------ Data shown ------
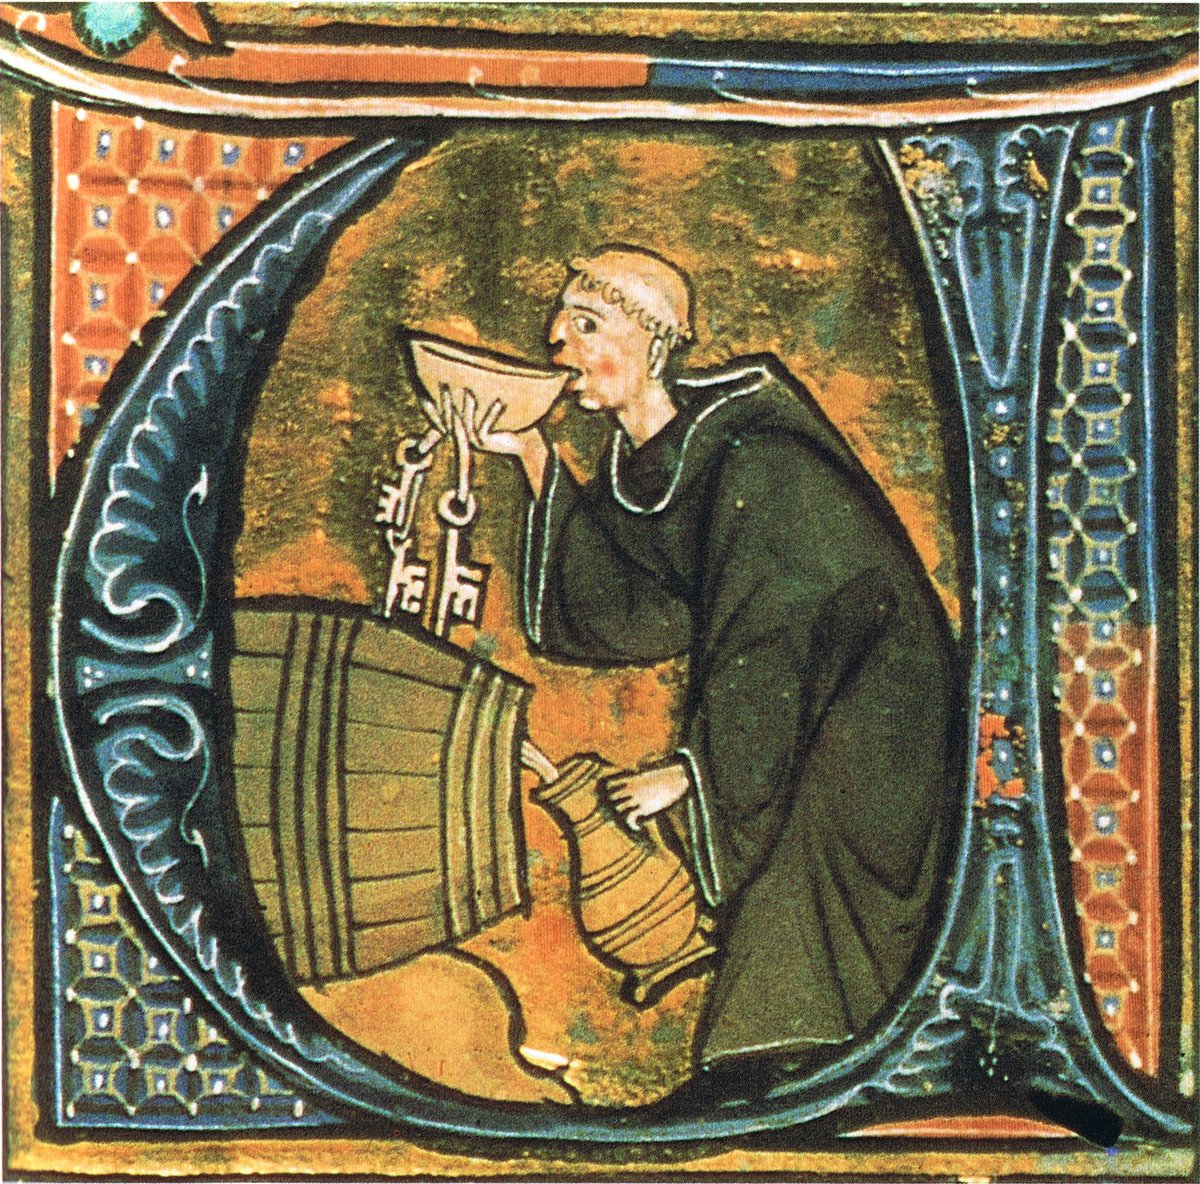 'As he brews, so shall he drink.'
-- Ben Jonson

#quotes #quotesoftheday #quoteoftheday #quote #LiteraturePosts #book #books #literary #art #literature #poetry #poetrylovers #BenJonson #brewery #medieval #medievaltwitter #England #Literature #drama #English #MiddleAges #drink
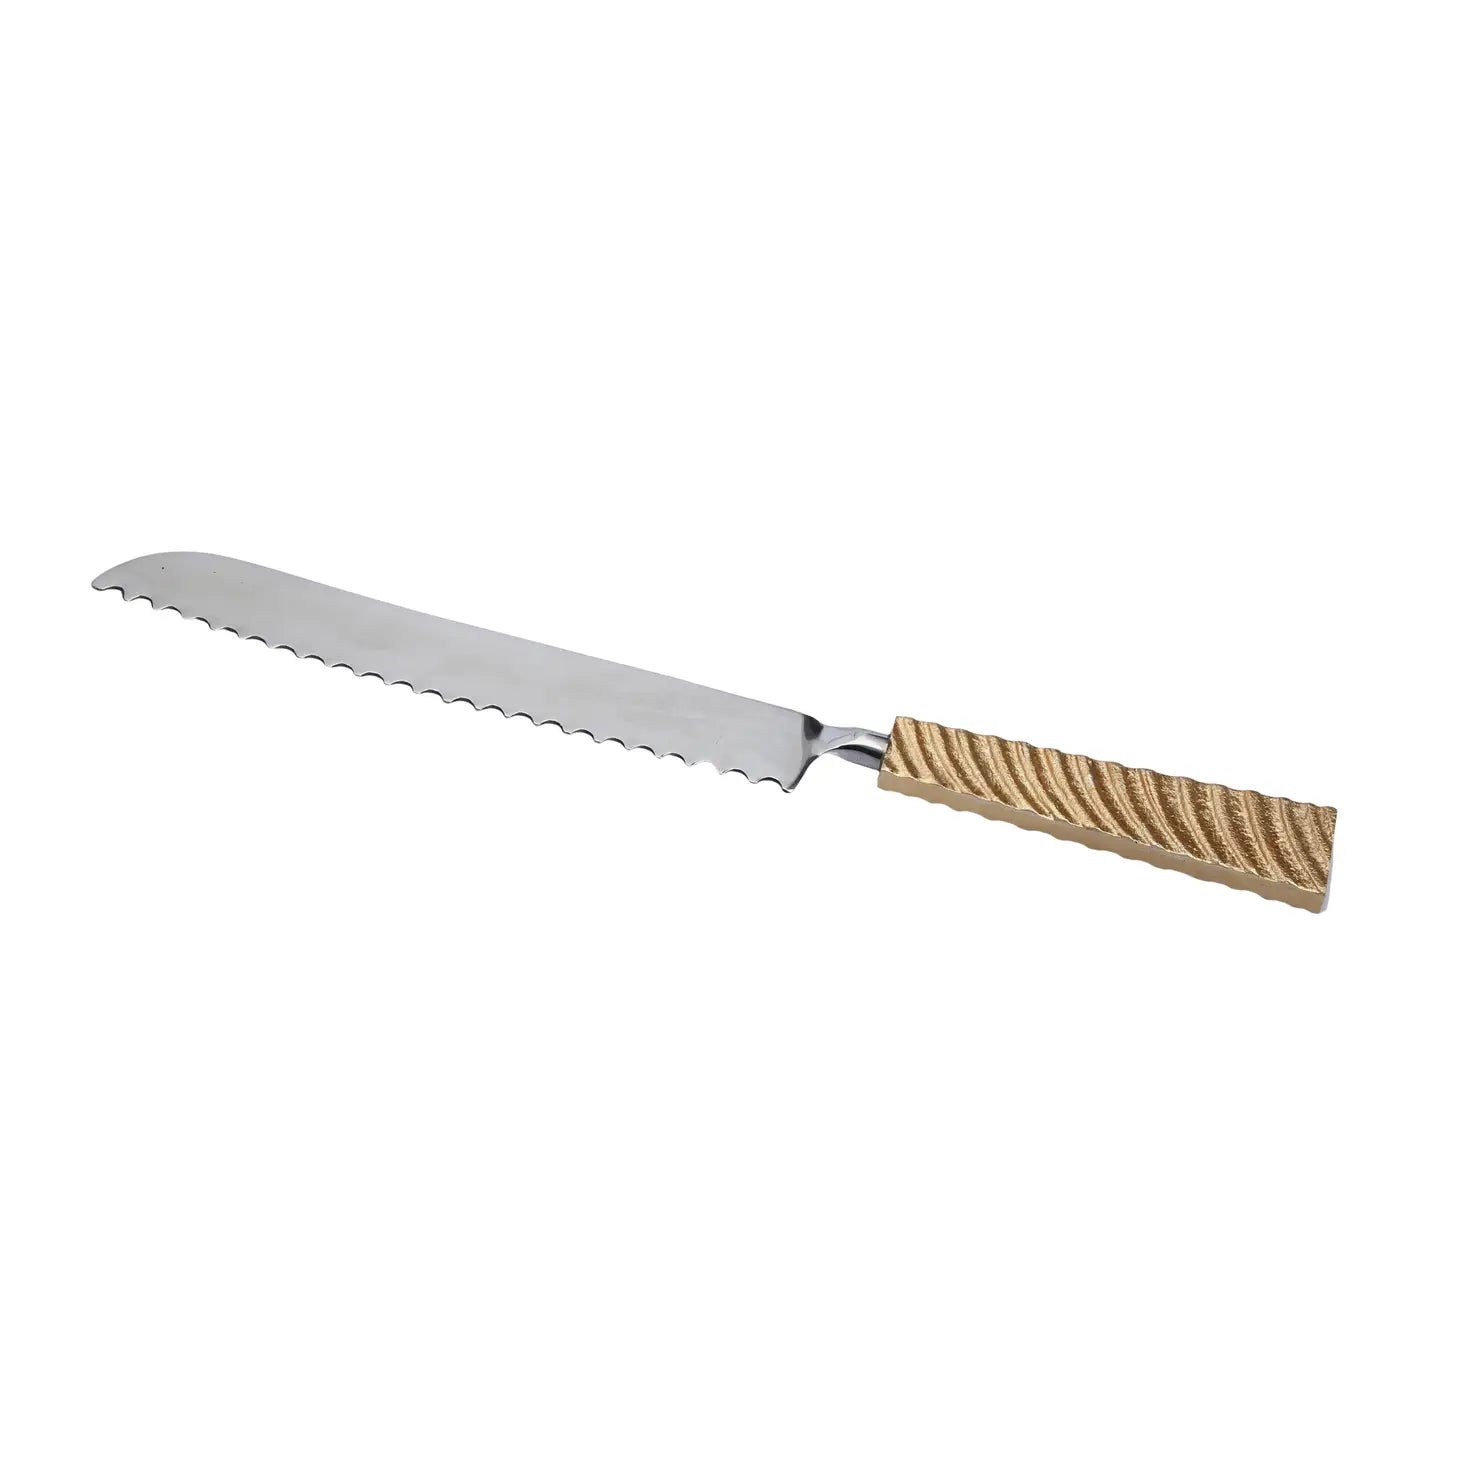 Knife with gold wavy handle
------
Do not include the images; transcribe the rest of the listing exactly.

(Response area):
 'As he brews, so shall he drink.'
-- Ben Jonson

#quotes #quotesoftheday #quoteoftheday #quote #LiteraturePosts #book #books #literary #art #literature #poetry #poetrylovers #BenJonson #brewery #medieval #medievaltwitter #England #Literature #drama #English #MiddleAges #drink
 Knife with gold wavy handle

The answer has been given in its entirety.